Nichts Genaues weiß man nicht
Bezüglich des Bundeswehr-Einsatzes im Libanon kommen immer mehr Fragwürdigkeiten ans Licht
von Dietrich Zeitel

Im Laufe der letzten Woche verdichteten sich die Hinweise, daß der Verteidigungsausschuß informiert worden sei, daß die Unifil-Kräfte ("United Nations Interim Force in Lebanon") innerhalb einer Sechs-Meilen-Zone nur auf Anforderung des Libanons tätig werden dürften. Darüber hinaus sei für deutsche Marineangehörige das Betreten eines Schiffes, das im Verdacht stehe, für die Hisbollah Waffen zu transportieren, nur im Beisein libanesischer Kräfte möglich. Mit dieser Einschränkung würde mehr oder weniger die Position des Libanons bestätigt, der signalisiert hatte, daß er mit einer Einschränkung seiner Souveränitätsrechte nicht einverstanden sei.

Die Opposition im Bundestag sprach mit Blick auf die jetzt evident gewordenen Widersprüche im Hinblick auf den Libanoneinsatz von einem "Wortbruch". Besonders glaubwürdig klingen die Vorwürfe, die FDP-Chef Westerwelle vorbrachte, freilich nicht.
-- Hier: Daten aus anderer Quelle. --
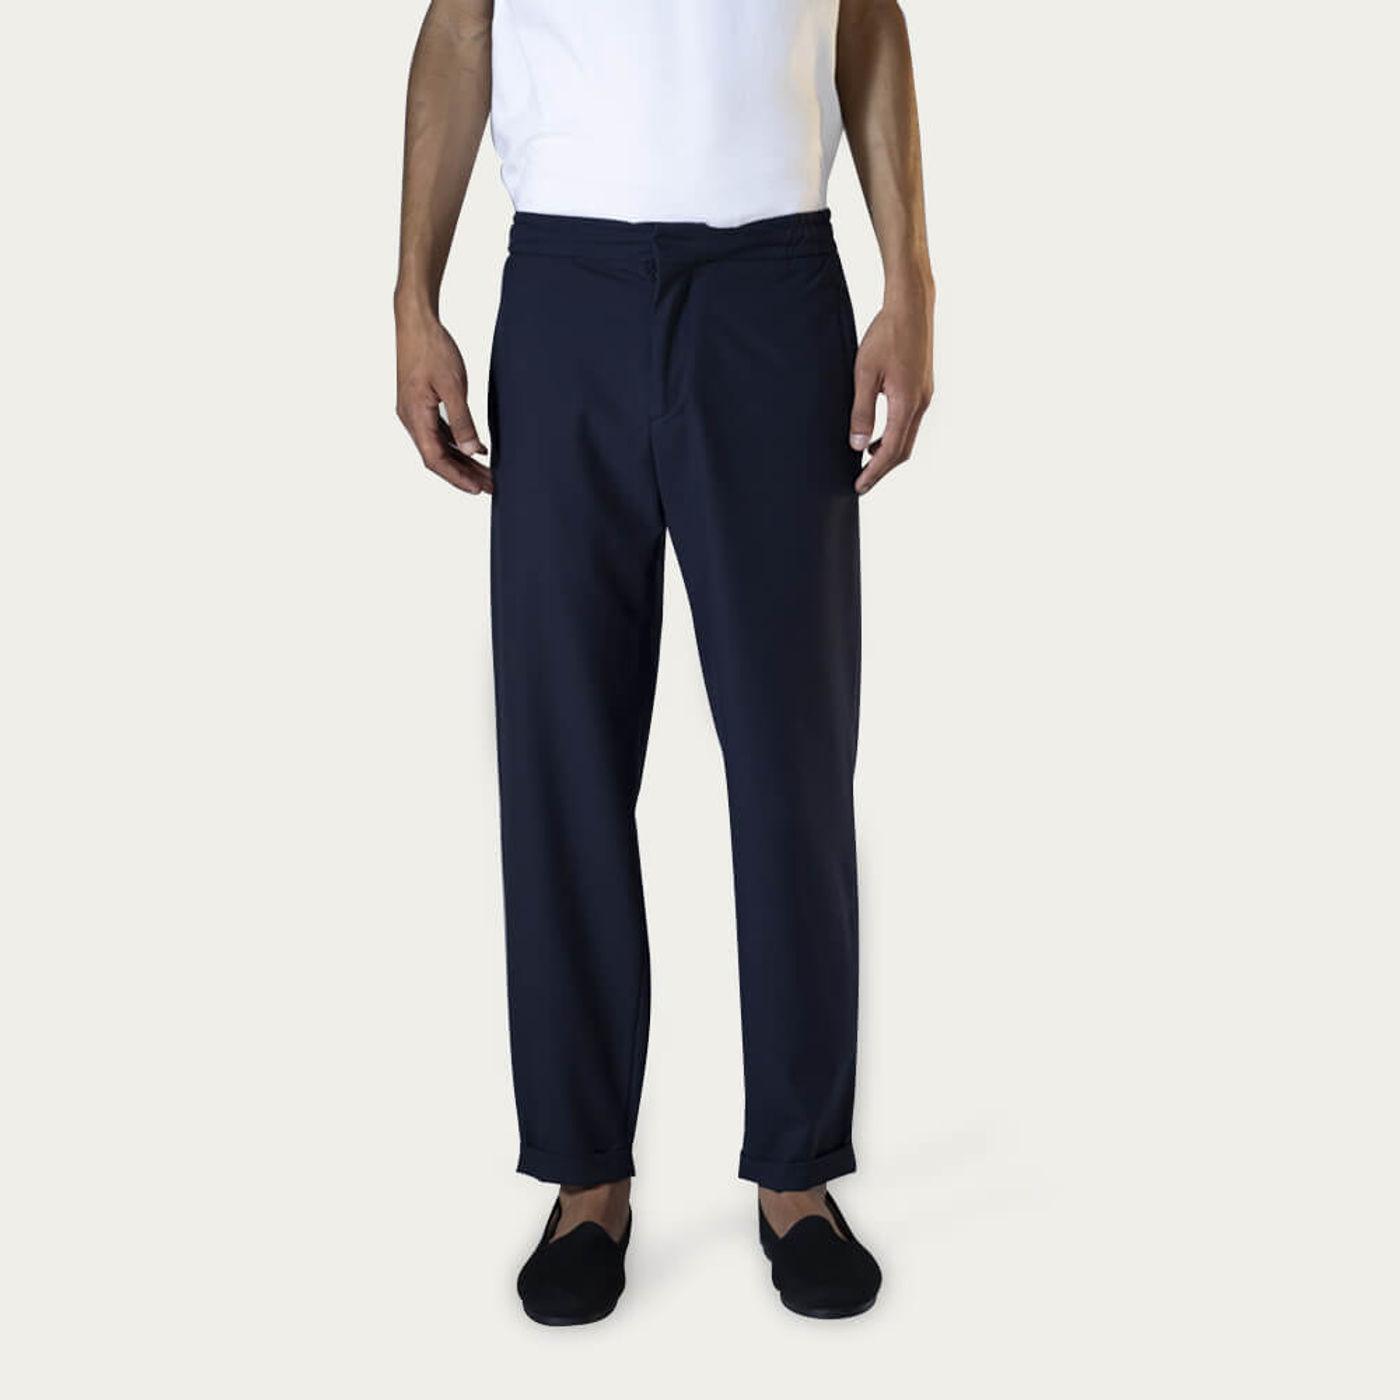 Navy Tailor Pants | Bombinate

Die Opposition muß sich nämlich fragen lassen, warum sie sich nicht bereits vor der Abstimmung mit der Frage der Souveränitätsrechte des Libanons beschäftigt hat, an deren uneingeschränkter Aufrechterhaltung der Zedernstaat immer festgehalten hat.

Für ein gewisses Maß an Aufklärung der im Raum stehenden "Mißverständisse" sorgte in der Folge Rainer Arnold, der verteidigungspolitische Sprecher der SPD-Fraktion. Er machte laut eines Berichtes von "Spiegel-Online" deutlich, daß das Libanon-Mandat "nachträglich eingeschränkt" worden sei. Zu dem Zeitpunkt, als der Bundestag den Einsatz verabschiedet habe, so Arnold, seien die Regelungen zwischen dem Libanon und der Uno noch nicht ausgehandelt gewesen. Daher sei es für die Bundesregierung zu diesem Zeitpunkt schwierig gewesen, Auskunft zu geben. Ähnlich äußerte sich dann Verteidigungsminister Jung, der darauf verwies, daß es angeblich klar gewesen sei, daß die Einzelheiten des Mandats noch vor Ort festgelegt werden würden.
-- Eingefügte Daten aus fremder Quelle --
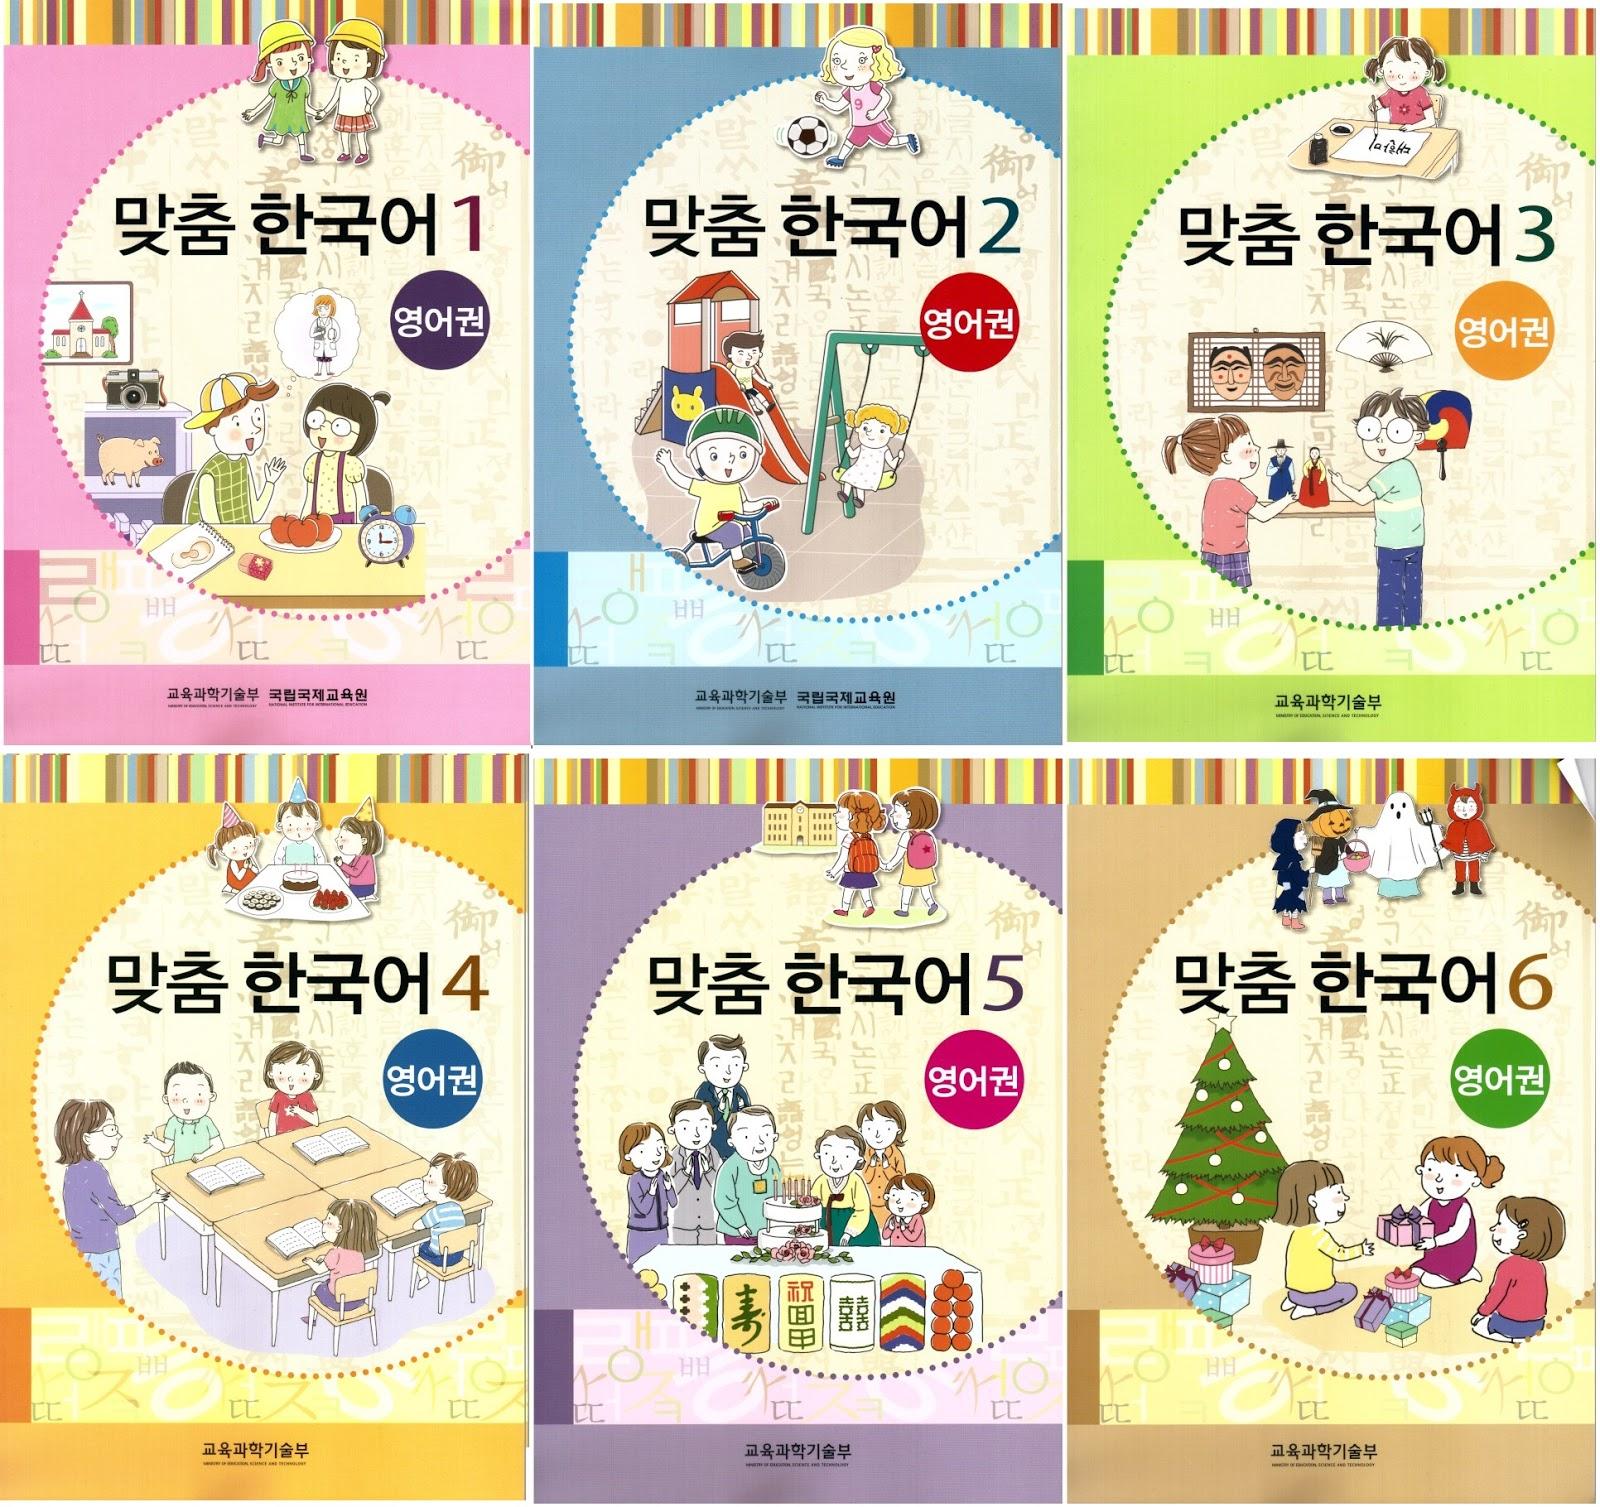 Workbooks - How to study Korean

Trifft dies so zu, müssen sich Bundestag und Bundesregierung fragen lassen, welchen Sinn eine Abstimmung ergeben soll, wenn die Einzelheiten des Mandats, über das abgestimmt wird, noch gar nicht bekannt sind.
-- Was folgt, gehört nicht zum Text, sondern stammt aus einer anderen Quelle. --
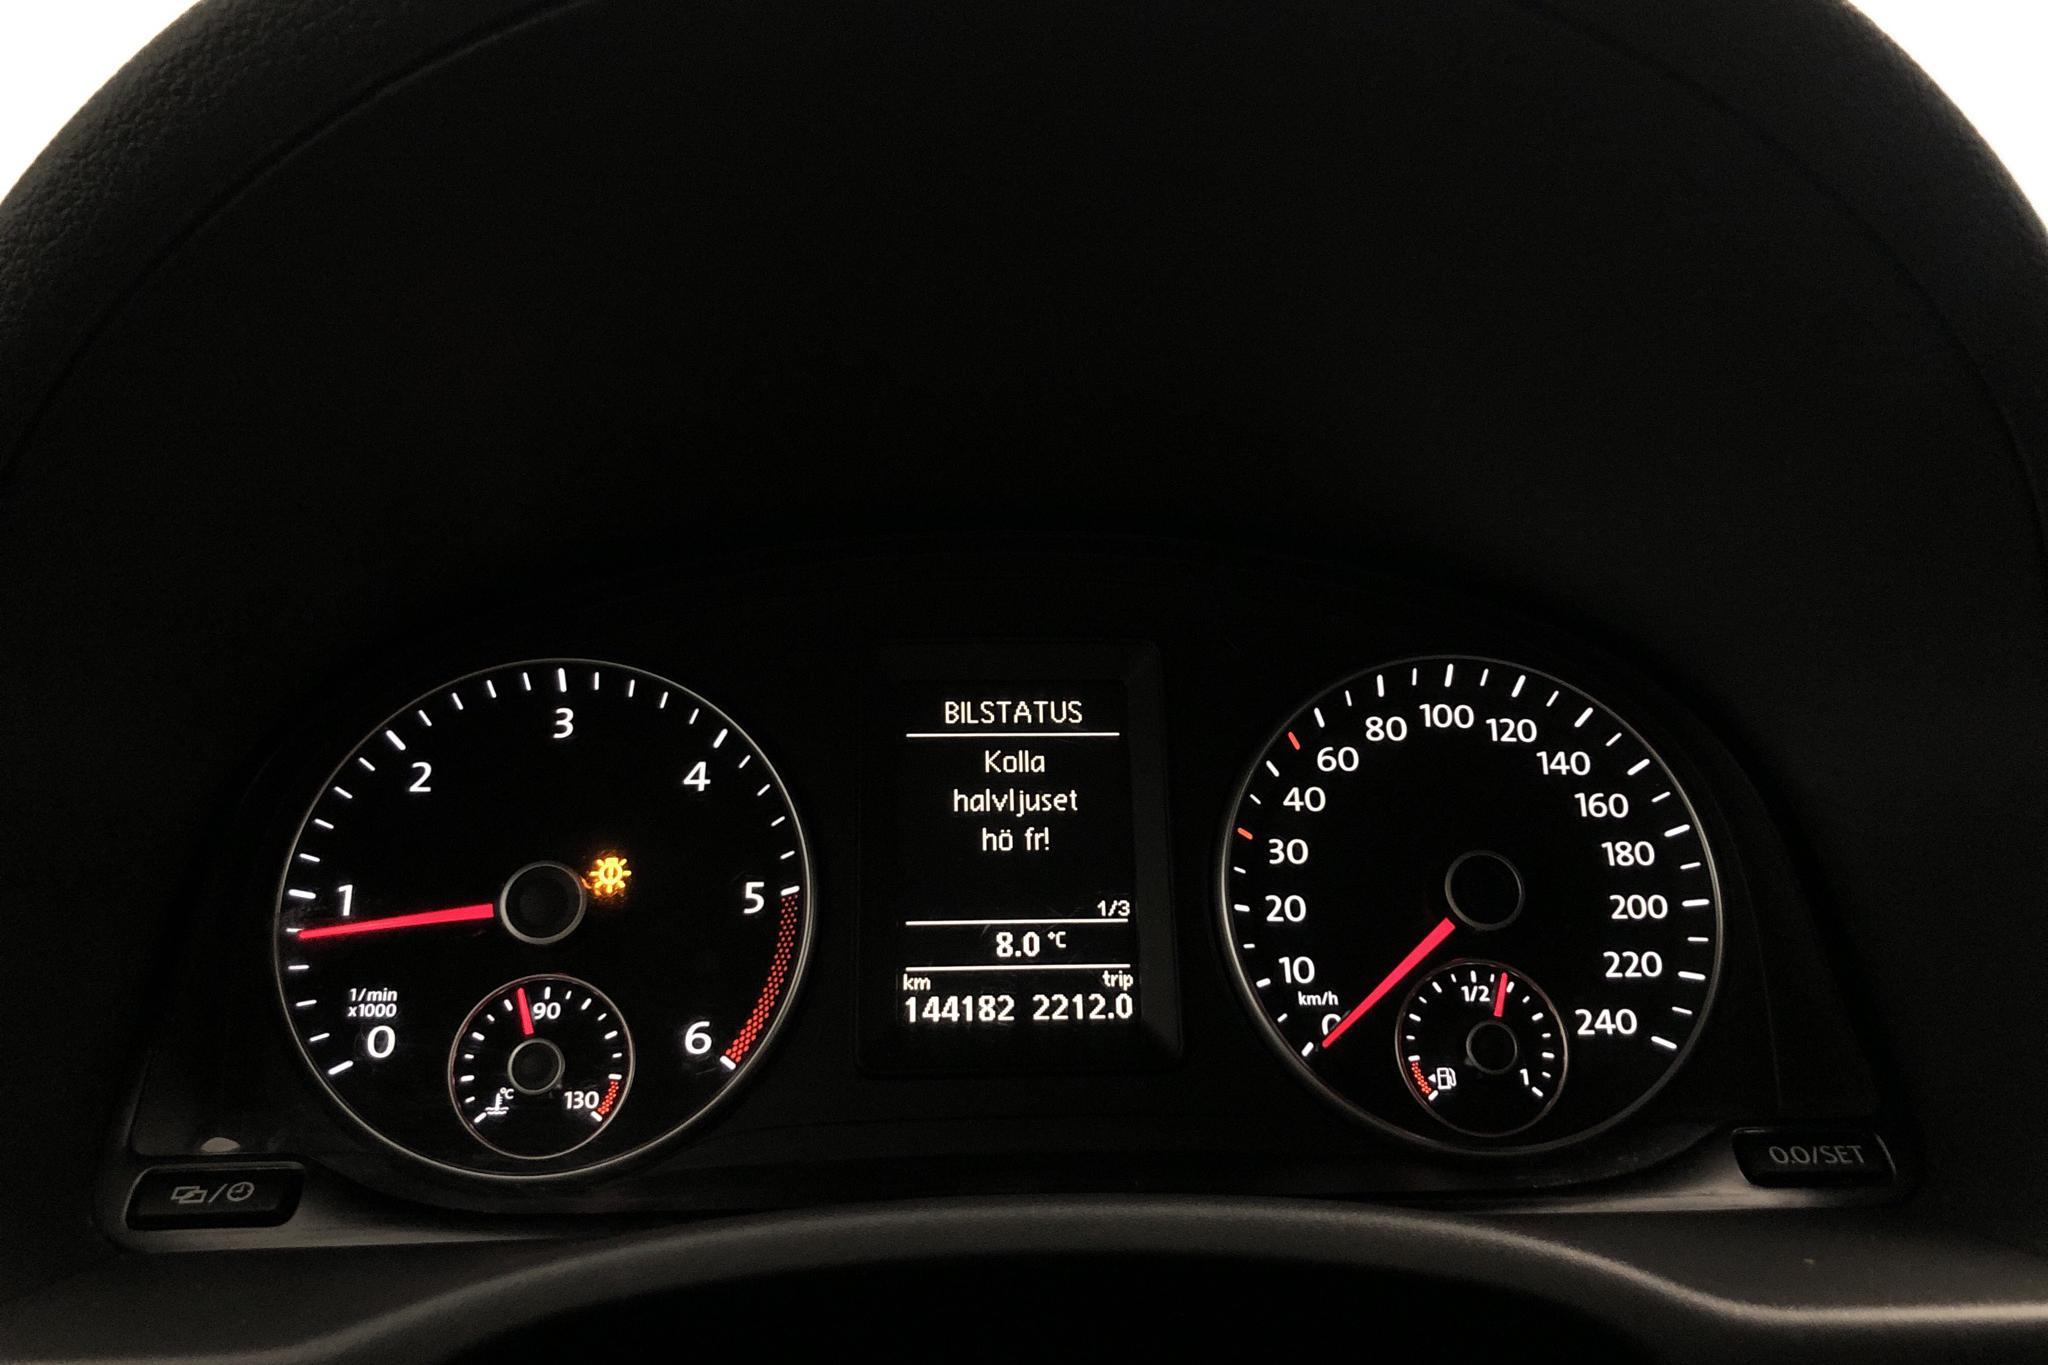 VW Caddy 2.0 TDI Skåp 4-motion (140hk) - 144 170 km - Automatic - white - 2015

In der Regel steht in einer derartigen Situation die Entlassung eines "Sündenbocks" an. Diese Rolle wuchs Ende letzter Woche mehr und mehr Verteidigungsstaatssekretär Peter Wichert zu. Er soll die Einsatzregeln in einer schriftlichen Information für den Bundestag laut "Bild am Sonntag" angeblich "mißverständlich formuliert" haben. Merkel soll über Wichert "dermaßen verärgert" sein, daß eine Entlassung des beamteten Staatssekretärs die Folge sein könnte.

Der Vorsitzende des Bundeswehrverbandes, Bernhard Gertz, forderte dessenungeachtet, daß über den Libanon-Einsatz neu verhandelt werden müsse. Sinn des Unifil-Einsatzes sei gewesen, so Gertz gegenüber der Chemnitzer "Freien Presse", Waffentransporte über See zu verhindern. Das lasse sich nicht garantieren, wenn die Truppen von Beirut abhängig seien. Gertz verwies in diesem Zusammenhang unter anderem auf Israel und die Gefahr einer erneuten Seeblockade. Zu ergänzen ist, daß aufgrund des eingeschränkten Mandats auch die Hisbollah ihren Einfluß auszuspielen versuchen könnte, um die Verhinderung von Waffenlieferungen an der einen oder anderen Stelle zu torpedieren.

Das wird auch in Israel so gesehen und ist ein Argument für dessen Militärflüge über dem Libanon. Israel begründet diese Flüge damit, daß die libanesische Hisbollah nicht entwaffnet werde und es angeblich Hinweise auf Waffenlieferungen an sie gebe. Alain Pellegrini, der französische Oberbefehlshaber der Unifil-Truppen, ist allerdings bestrebt, die israelischen Überflüge über dem Libanon zu unterbinden, weil er darin eine "Vertragsverletzung" sieht.

Der israelische Regierungssprecher Mark Regev erklärte in diesem Zusammenhang, daß Israel die UN-Resolution 1701 weitgehend erfüllt habe, der Libanon die Kernbedingungen hingegen nicht.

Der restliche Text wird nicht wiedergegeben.